GIVEN INFORMATION:

- - - -

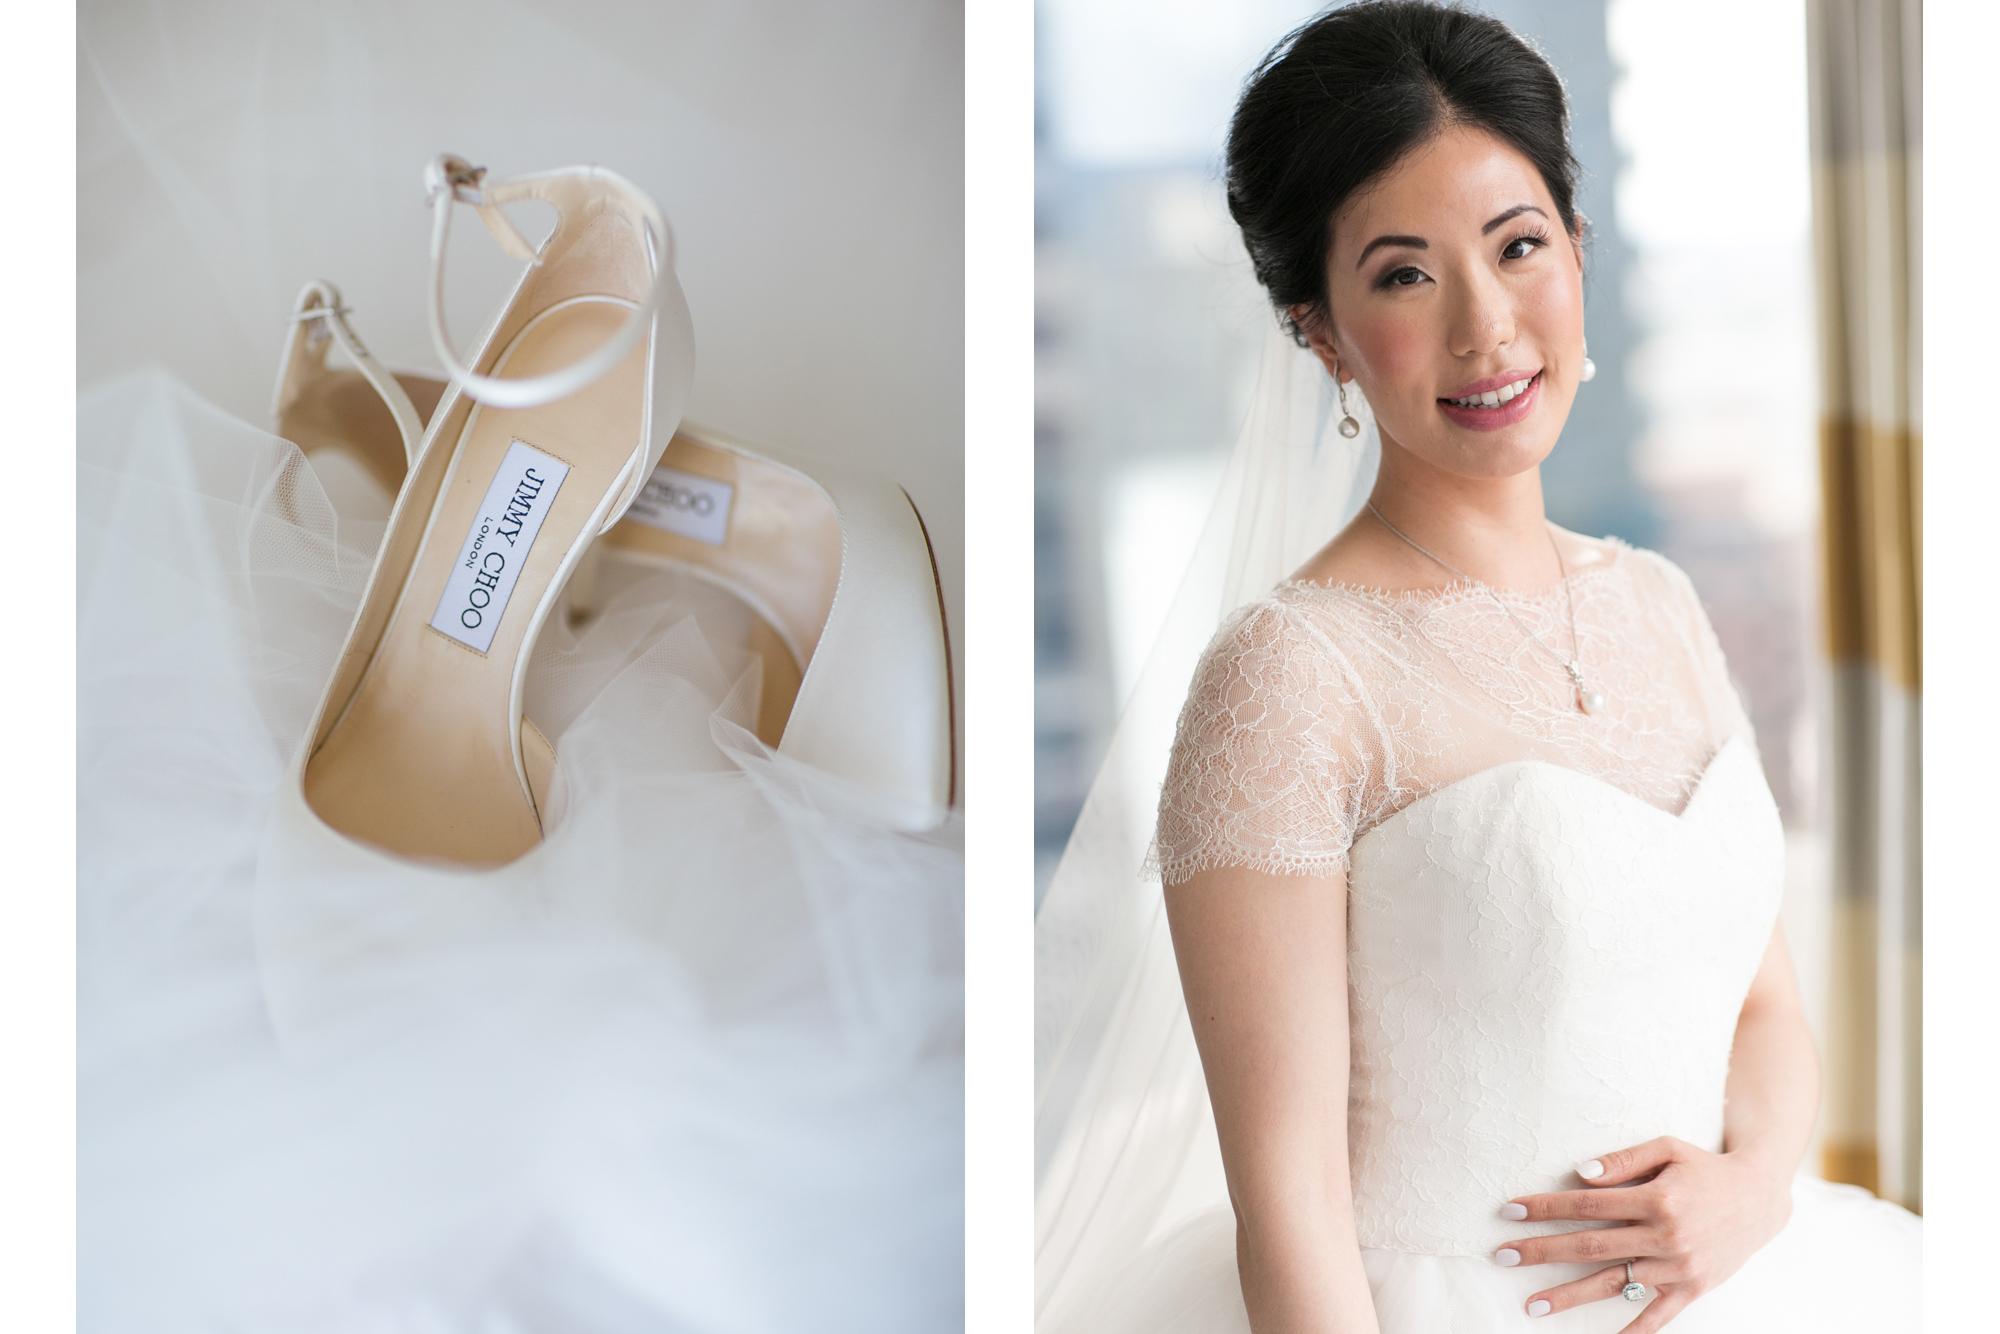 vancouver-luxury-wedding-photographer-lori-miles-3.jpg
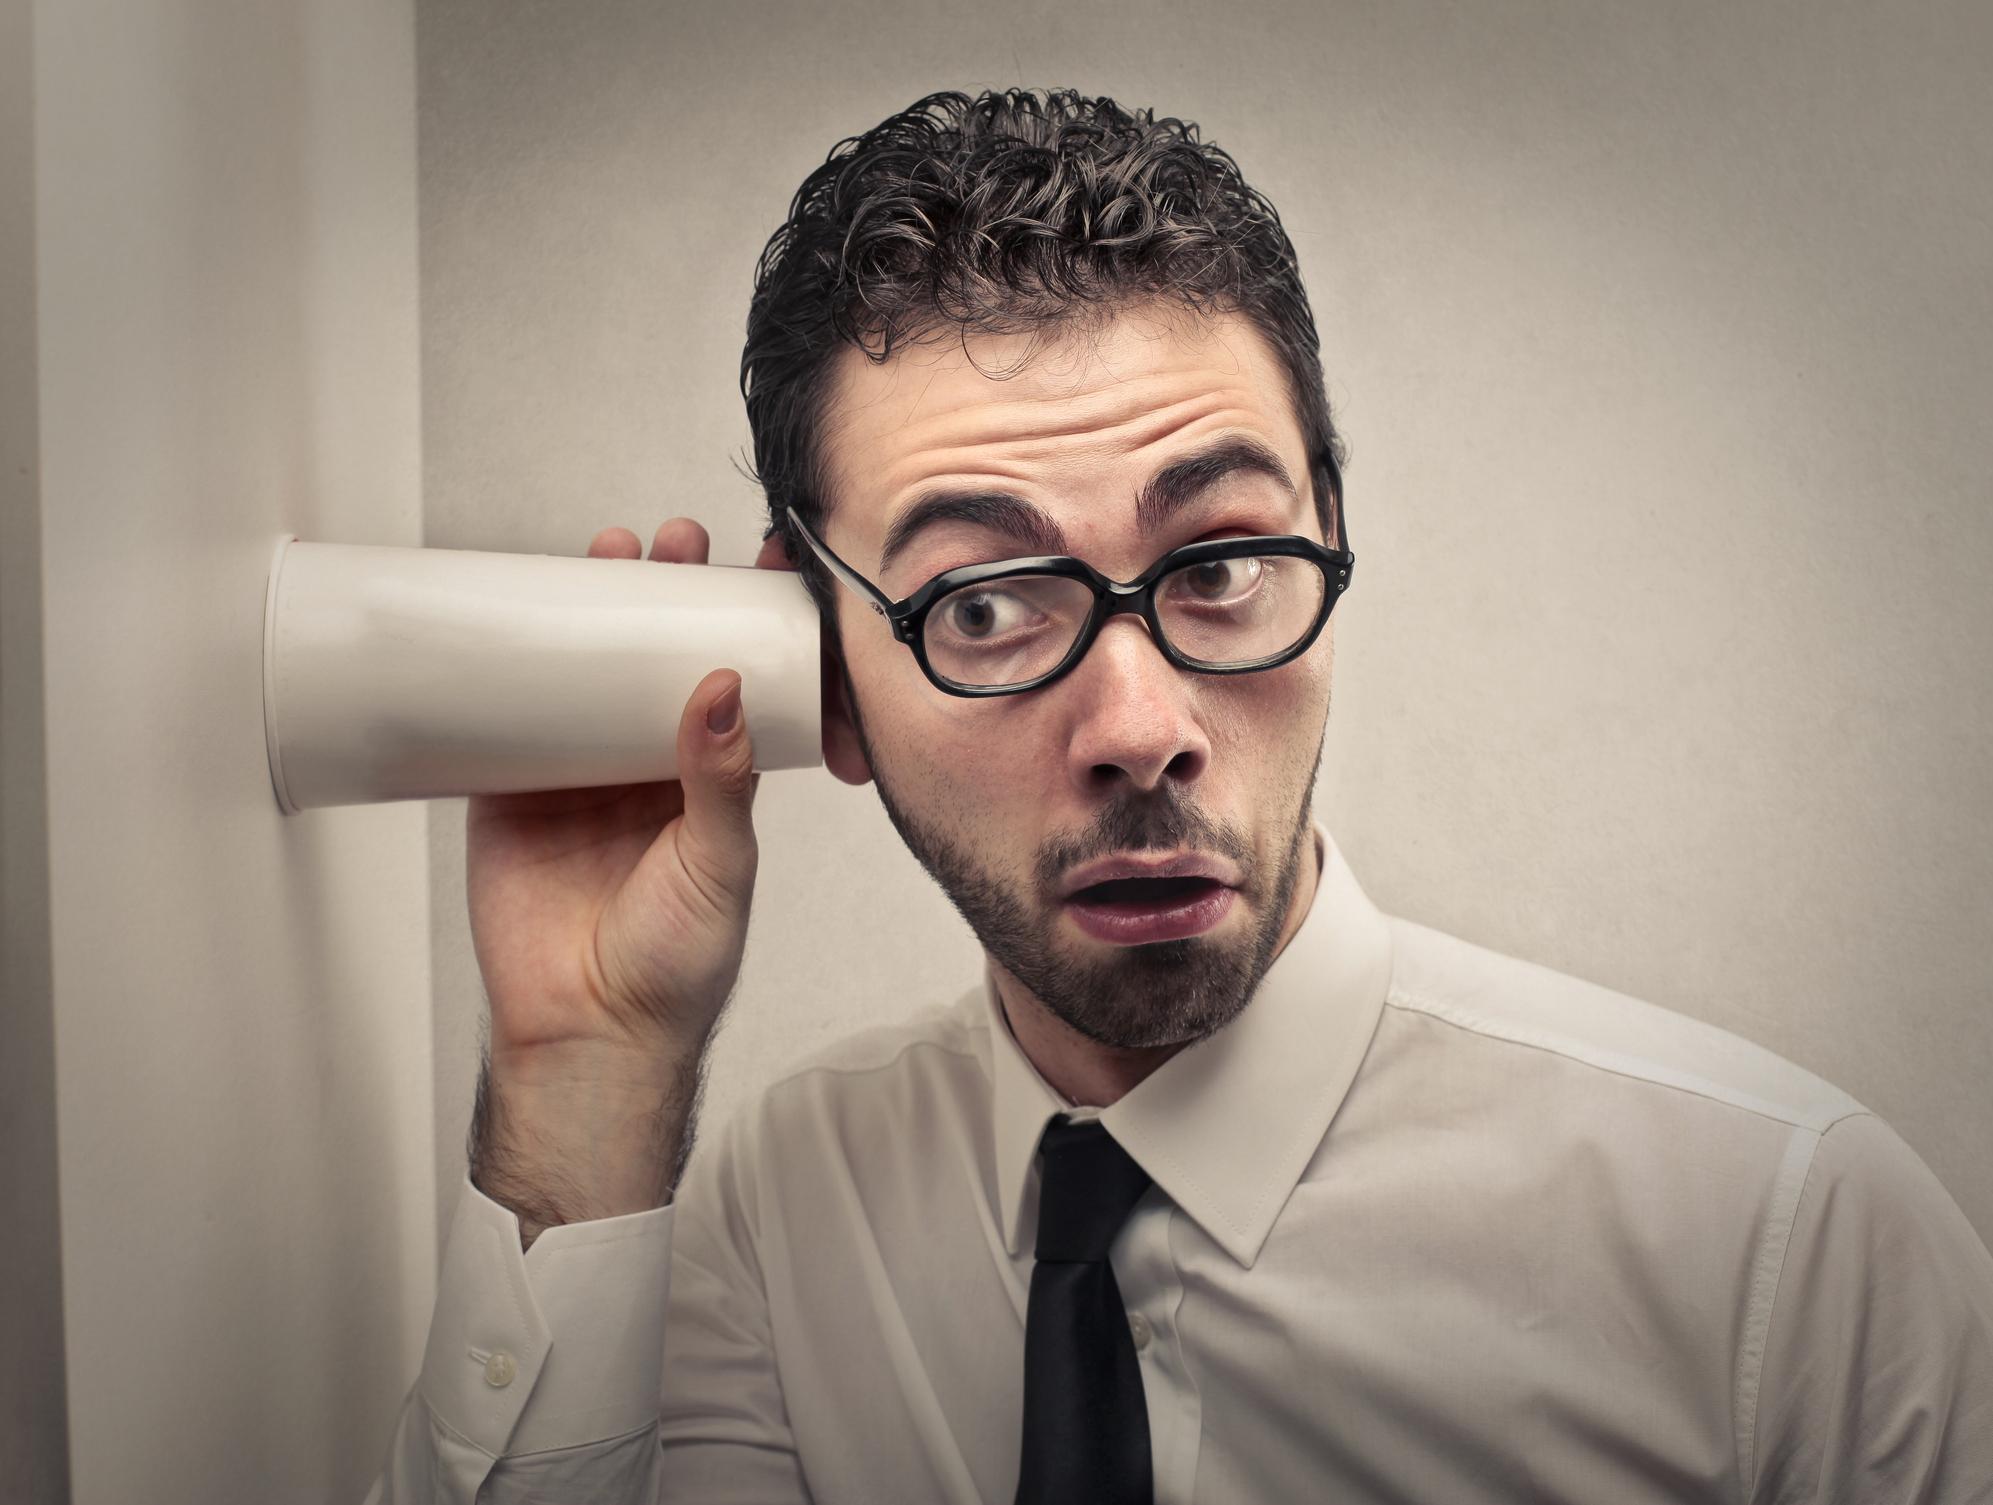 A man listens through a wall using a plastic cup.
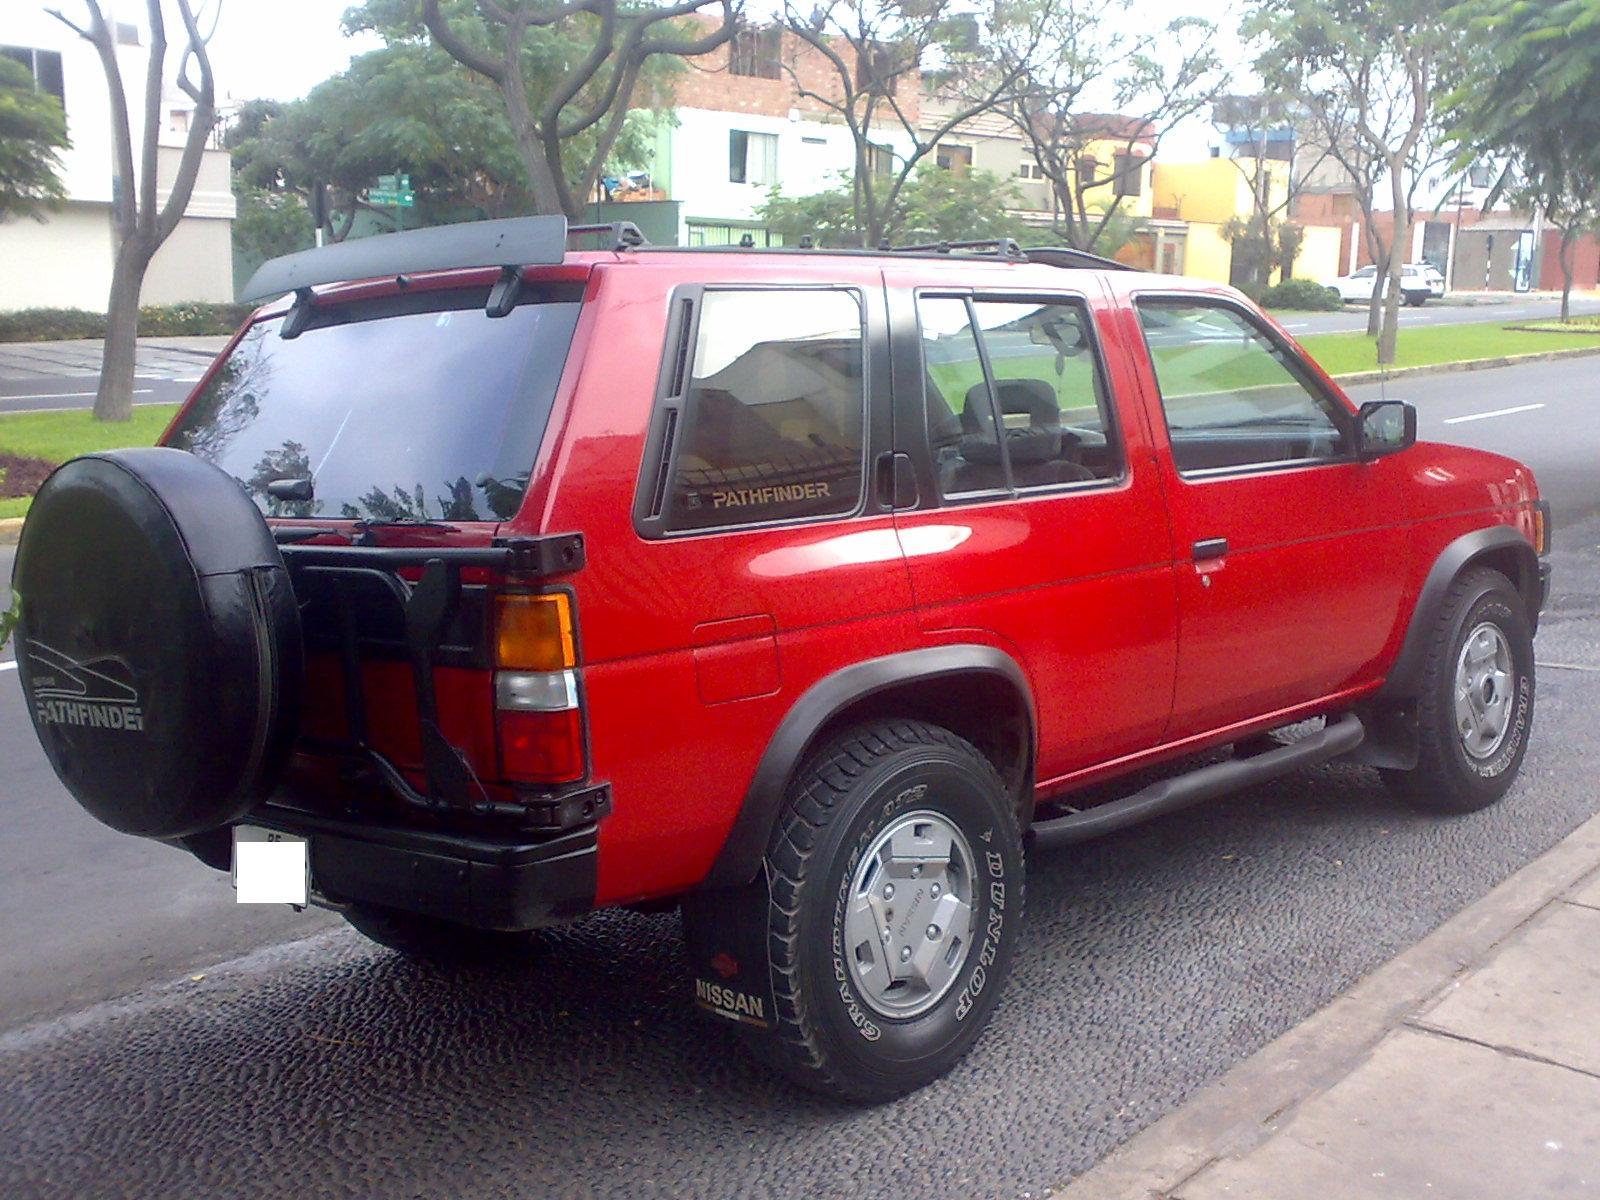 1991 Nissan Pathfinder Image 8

- - - -

WHAT THE EXERCISE ASKS: Copy all the material word for word, minus its pictures.

ANSWER SECTION:
 vancouver-luxury-wedding-photographer-lori-miles-3.jpg
 A man listens through a wall using a plastic cup.
 1991 Nissan Pathfinder Image 8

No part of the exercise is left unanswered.